As for TAM, the cloud cybersecurity market is $138B this year, and estimated to be $232B by 2022 (CAGR 19% over 3y). There can be many winners. And many losers. [Looking at you, FEYE!] Not only a market with huge competition, it’s an overly risky industry just being in cybersecurity - one breach can seriously impact customer perception. [But I think the risk is mitigated with Saul’s approach: Follow the hypergrowth!]

Quick look at last Q of each of those recent SECaaS IPOs:

  • CBLK Q119 Revenue 56.8M +21%, Cloud Rev +80%, GM 78%
  • TUFN LastQ Revenue 29M +31%, GM 84% (just IPOd)
  • TENB Q119 Revenue 80.3M +36%, GM 85%
  • ZS Q219 Revenue 74.3M +65%^^, GM 80%, NER 118%
  • CRWD LastQ Revenue 72.8M +124%^^, GM 66%, NER 147%, custs +103% (about to IPO)

Market caps? TUFN 800M, CBLK 1.2B, TENB 2.7B, ZS 8.8B. CRWD expects 4.5B at IPO. Market clearly prefers hypergrowth (as do we). ZS has strong accelerating growth. CRWD has even stronger accelerating growth, albeit at lower margins; however a jaw dropping, TWLO-sized $NER of 147% erases any concerns.

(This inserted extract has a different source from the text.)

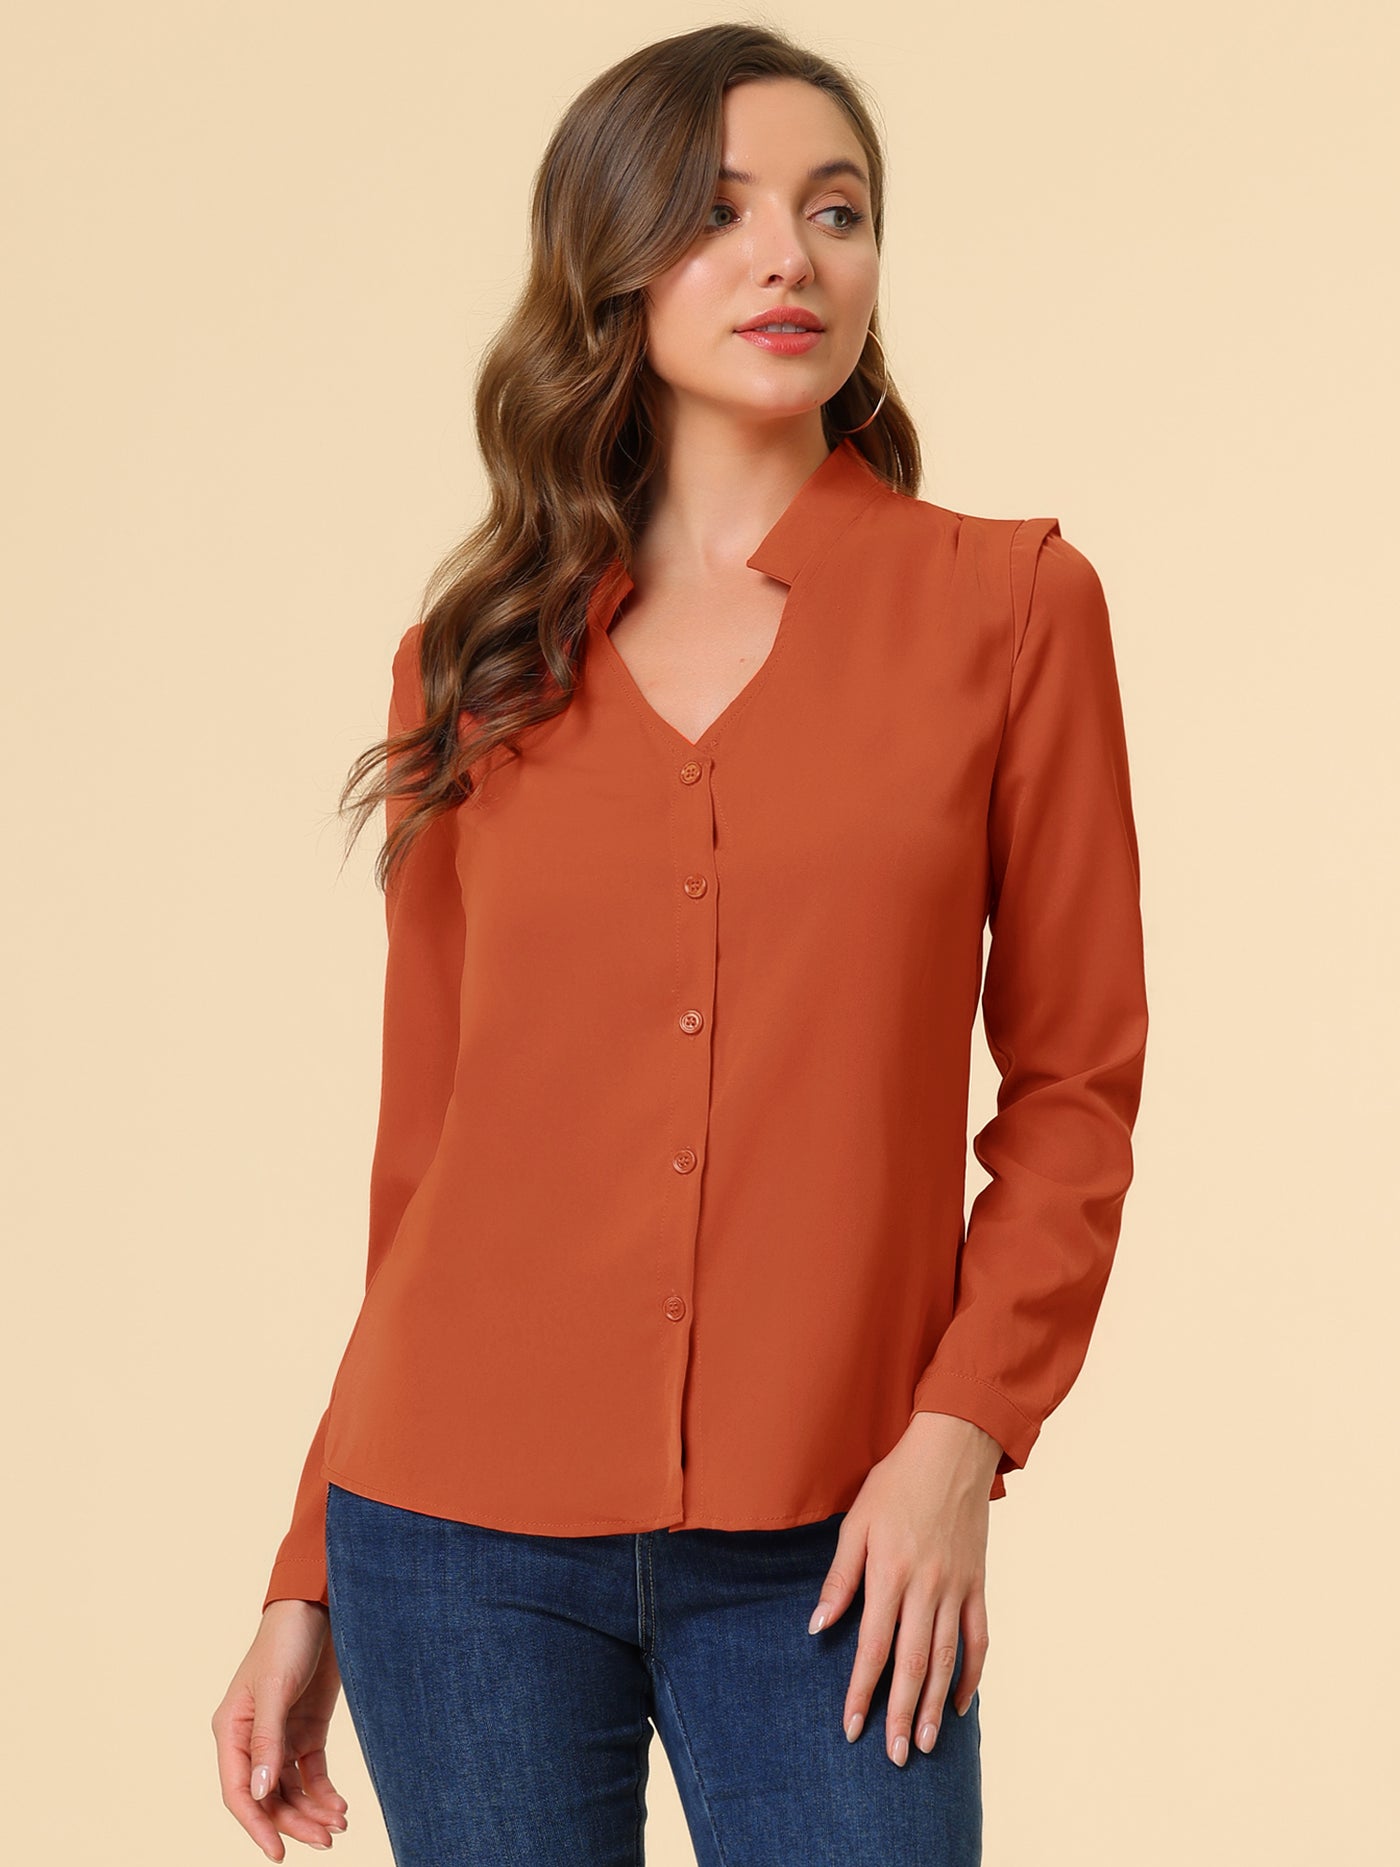 Allegra K Work Office Blouse Button Up Long Sleeve V Neck Chiffon Shirt

So no way that market cap stays at $4.5B once public – I wouldn’t be surprised by a double out of the gate in this overzealous IPO environ (bringing it to ZS market cap). [Reminder: ZS rose 104% on IPO day.]

Some prior comments:

Would it be fair to say that Zscaler focuses on hacking and Crowdstrike on viruses?

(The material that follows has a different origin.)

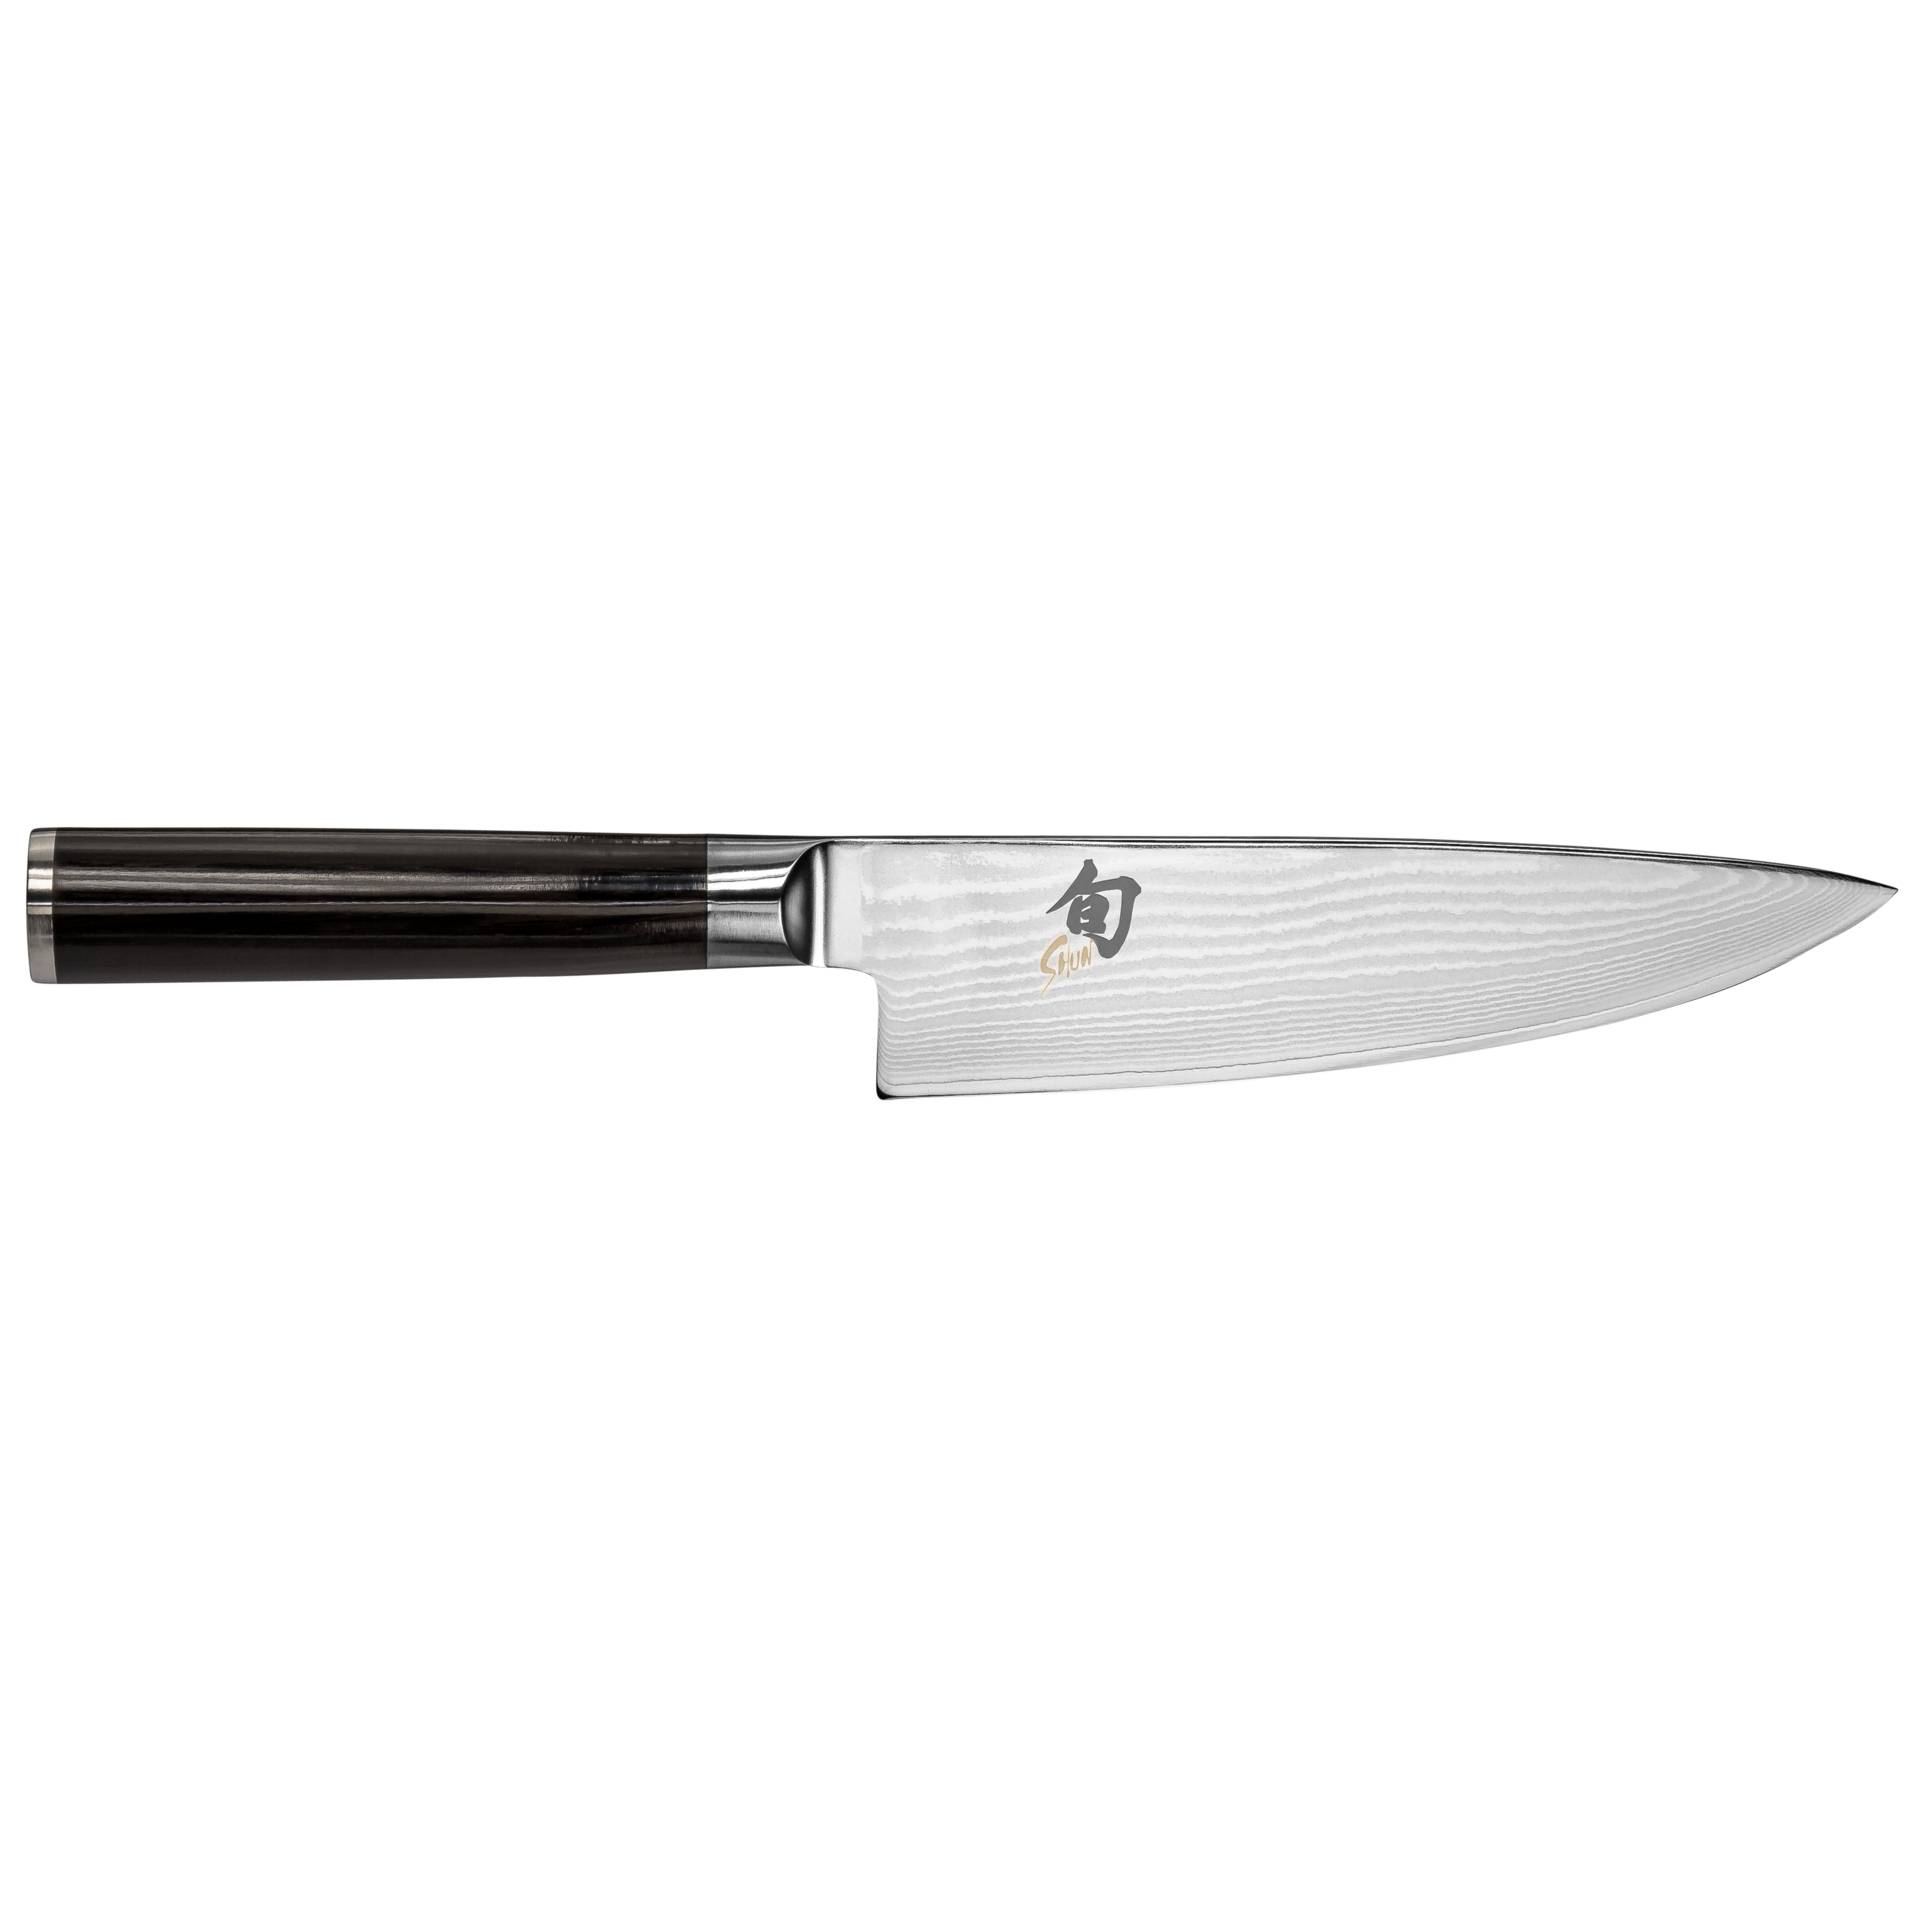 KAI Shun Classic coltello cuoco 15,0cm

I have worked with AV in the past and a lot depends on the customer and how much money do they have to spend on a product. … There is no way this company will touch the SMB space with their price per end point. Also they are not the only ones doing crowd source out there. First there are smaller companies like AVG, VirusTotal, PolySwarm… then you have the larger companies like Symantec, Kaspersky, McAfee…

There seems to be some confusion with CrowdStrike’s focus on “next-gen AV”. The IT guy upthread compared it to traditional anti-virus softwares and said it cannot compete in SMB. Sorry, but WRONG. Antivirus & malware is a small part of the problem - these companies focus on THREAT DETECTION and BREACH PROTECTION, INVESTIGATION and MITIGATION. You need to equate CrowdStrike’s product lines with Zscaler, Tenable and Carbon Black, not traditional AV apps. Zscaler’s ZIA directly mentions antivirus and malware detection features. https://www.zscaler.com/resources/data-sheets/zscaler-intern…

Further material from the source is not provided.